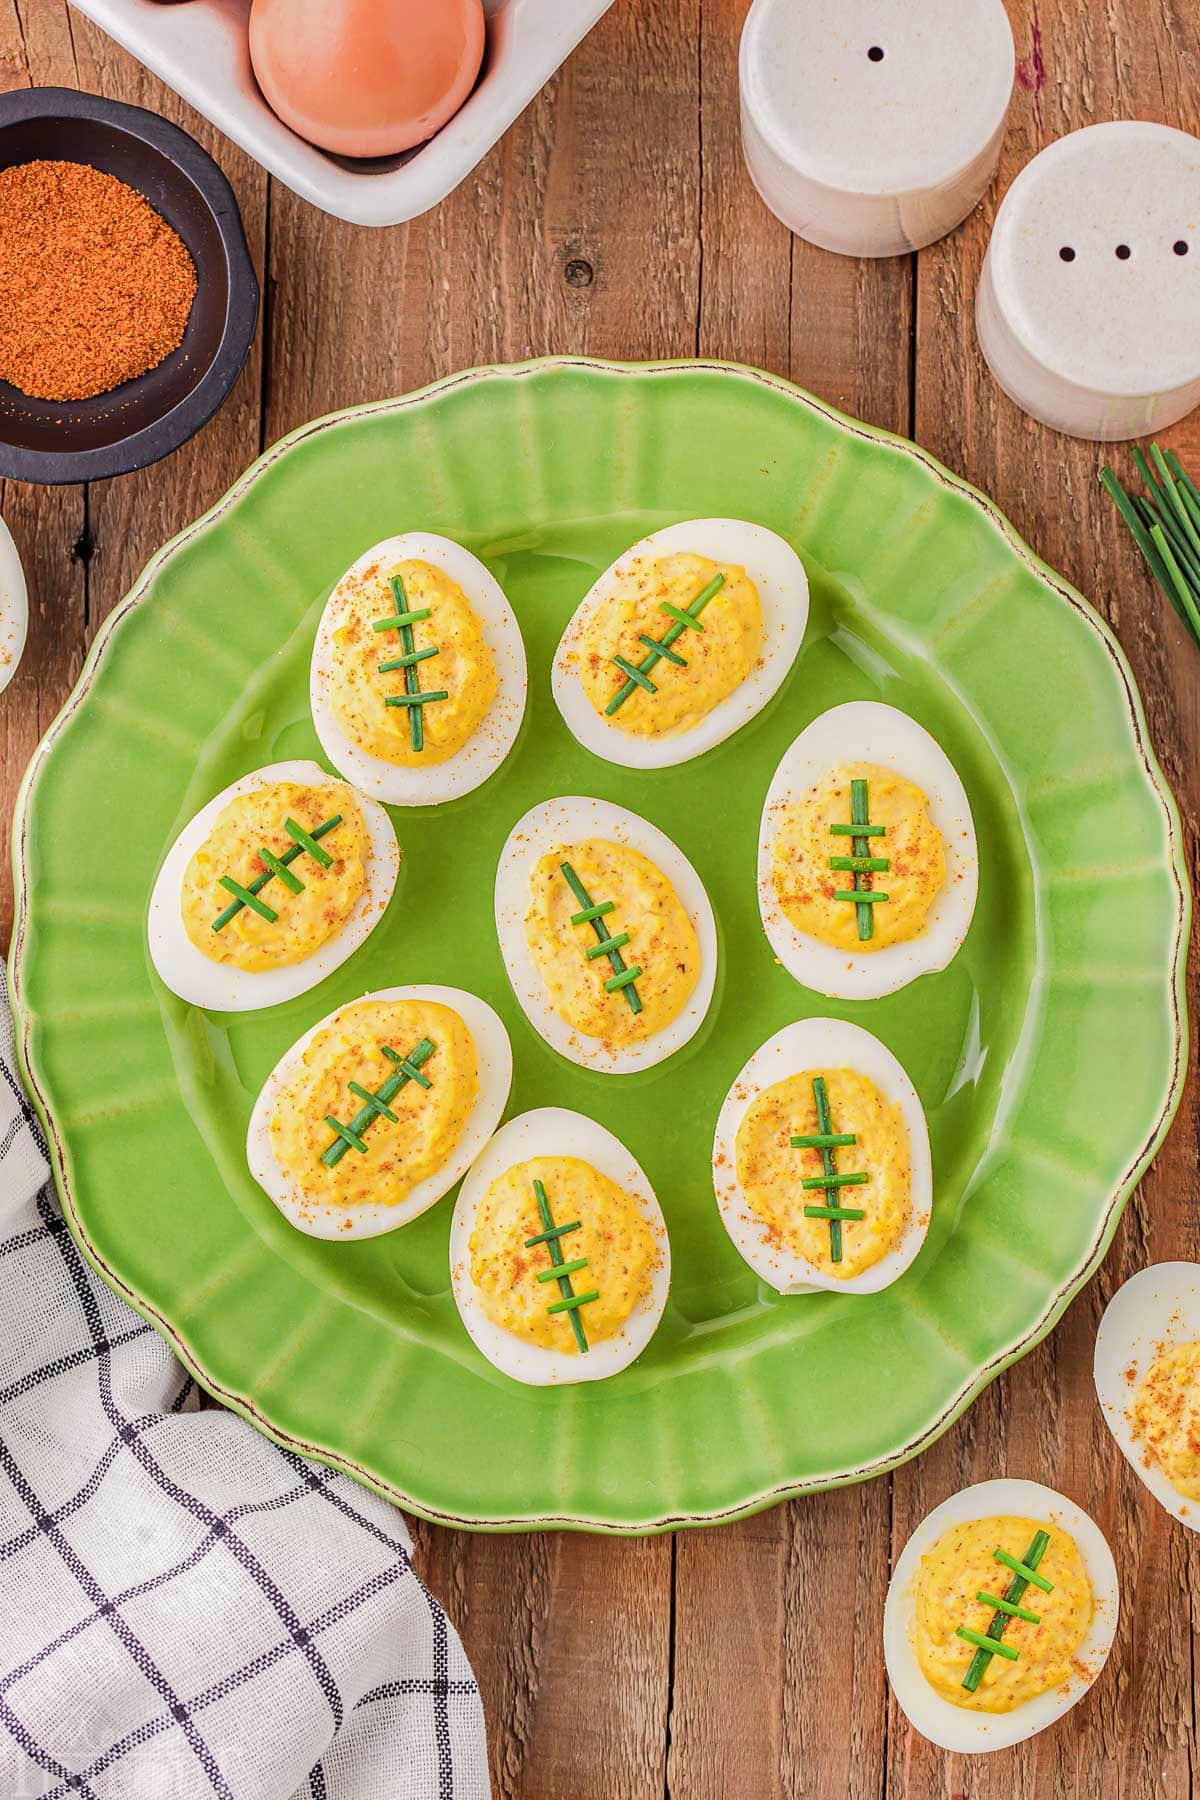 top down look at green plated loaded with deviled eggs that look like footballs.
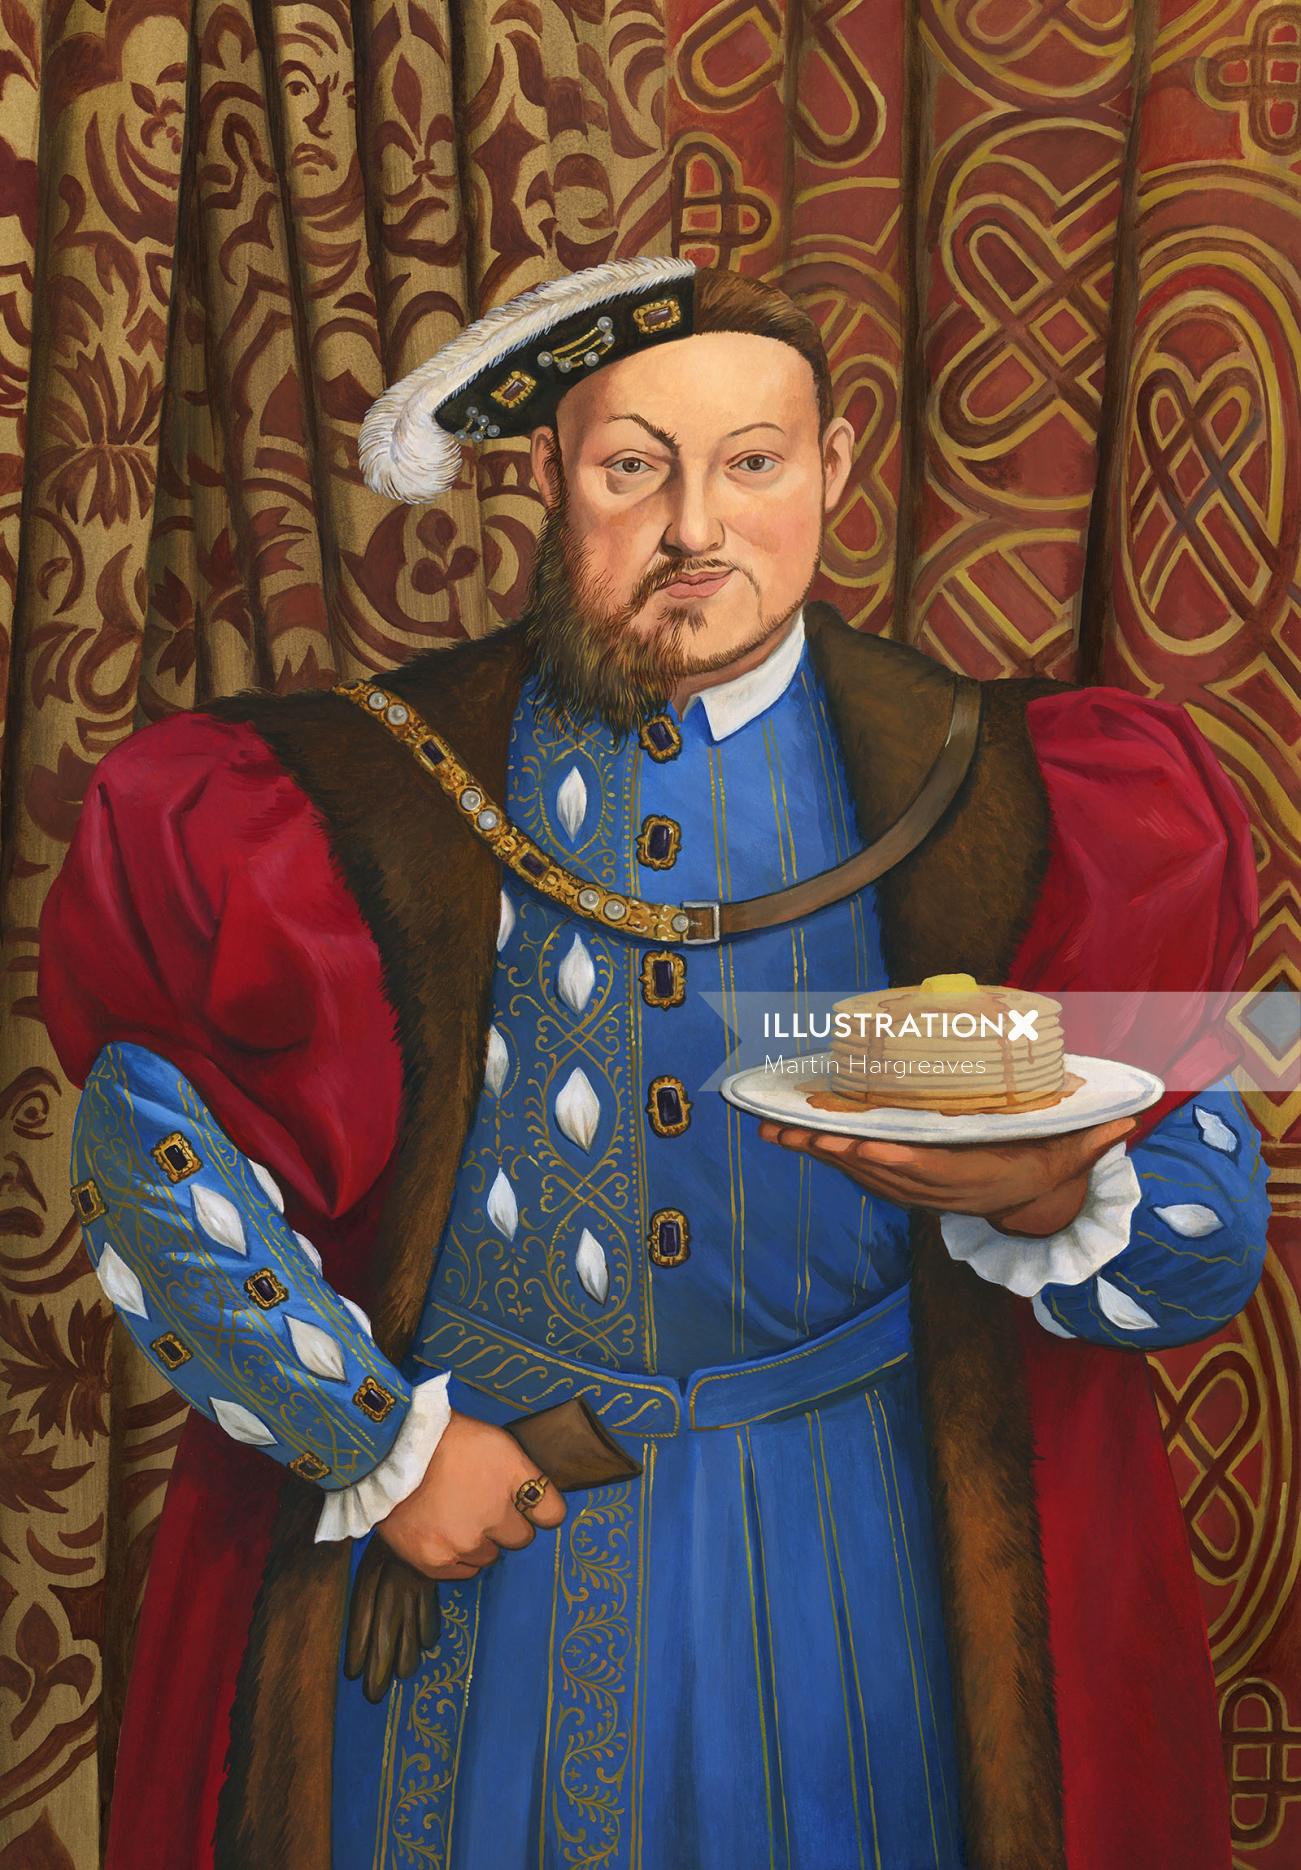 Historical king with cake
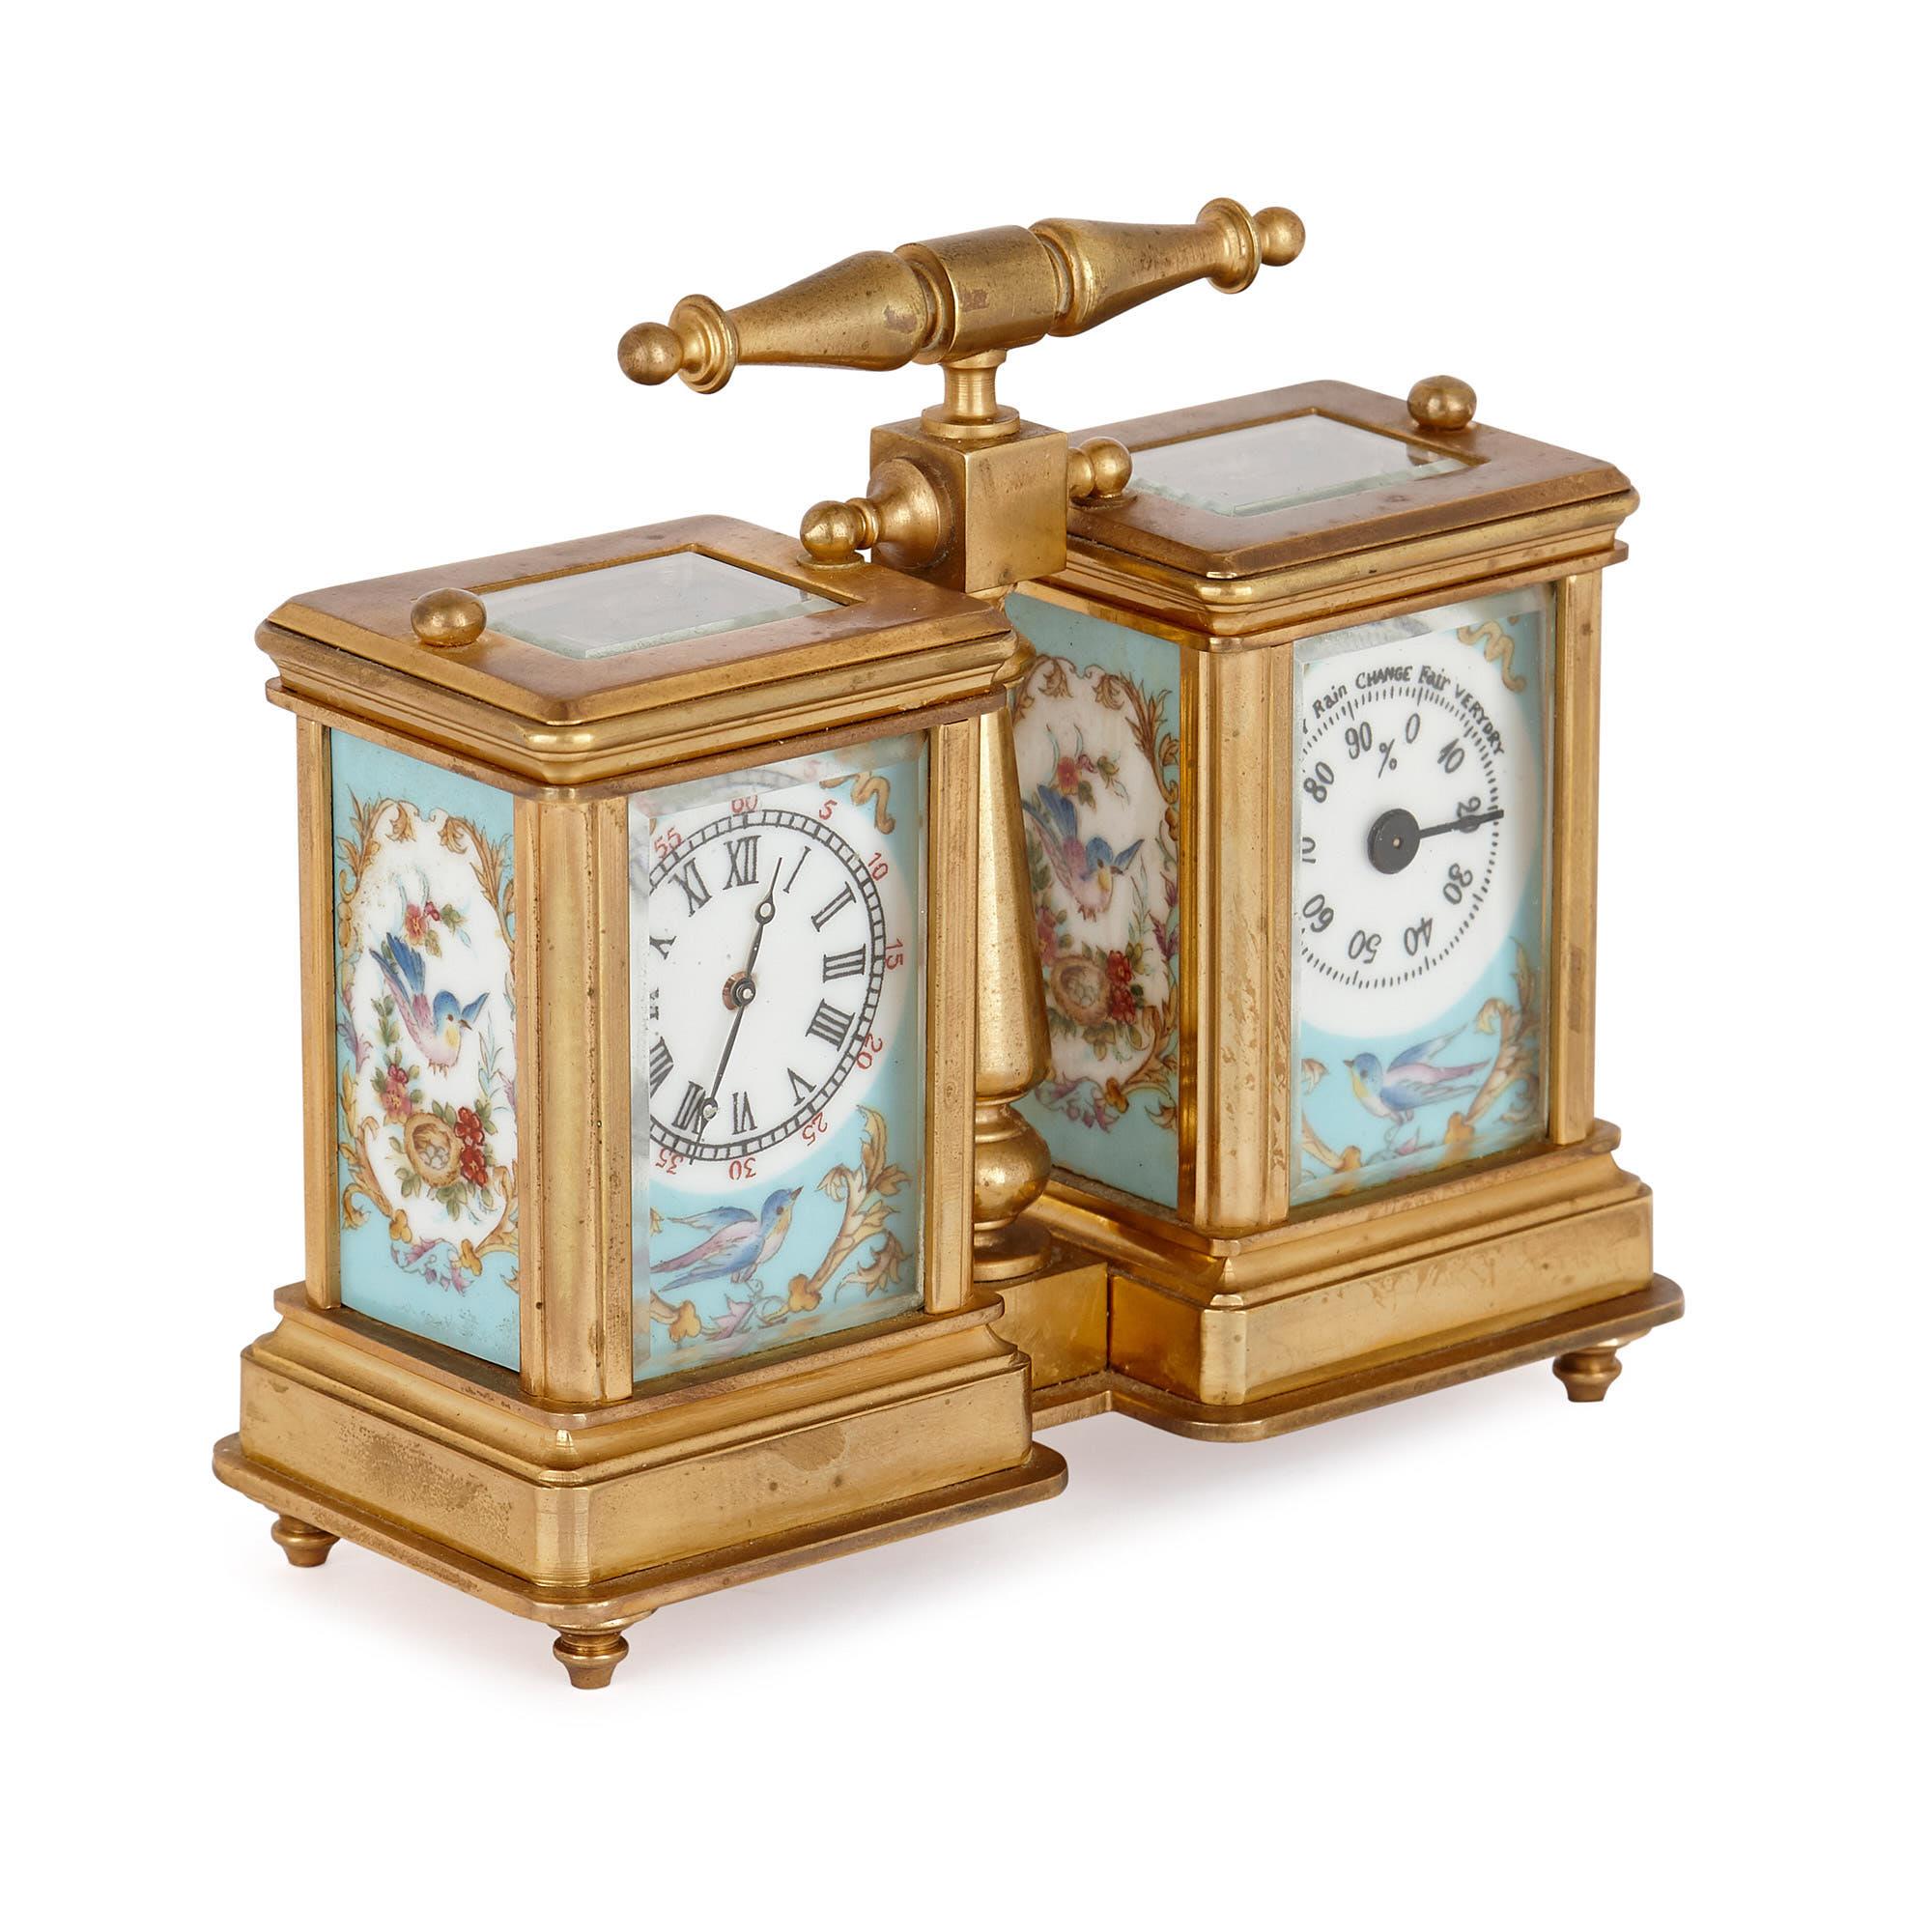 This clock and barometer carriage set is a unique and historic piece of design, which would originally have been used to keep time and monitor the weather while travelling. The pair will look beautiful placed on a mantelpiece, side or dressing

════════════════════

[Aim of the exercise]
Without including any picture, set down every line above exactly as it stands.

[Task result]
 top down look at green plated loaded with deviled eggs that look like footballs.
 Historical king with cake
 This clock and barometer carriage set is a unique and historic piece of design, which would originally have been used to keep time and monitor the weather while travelling. The pair will look beautiful placed on a mantelpiece, side or dressing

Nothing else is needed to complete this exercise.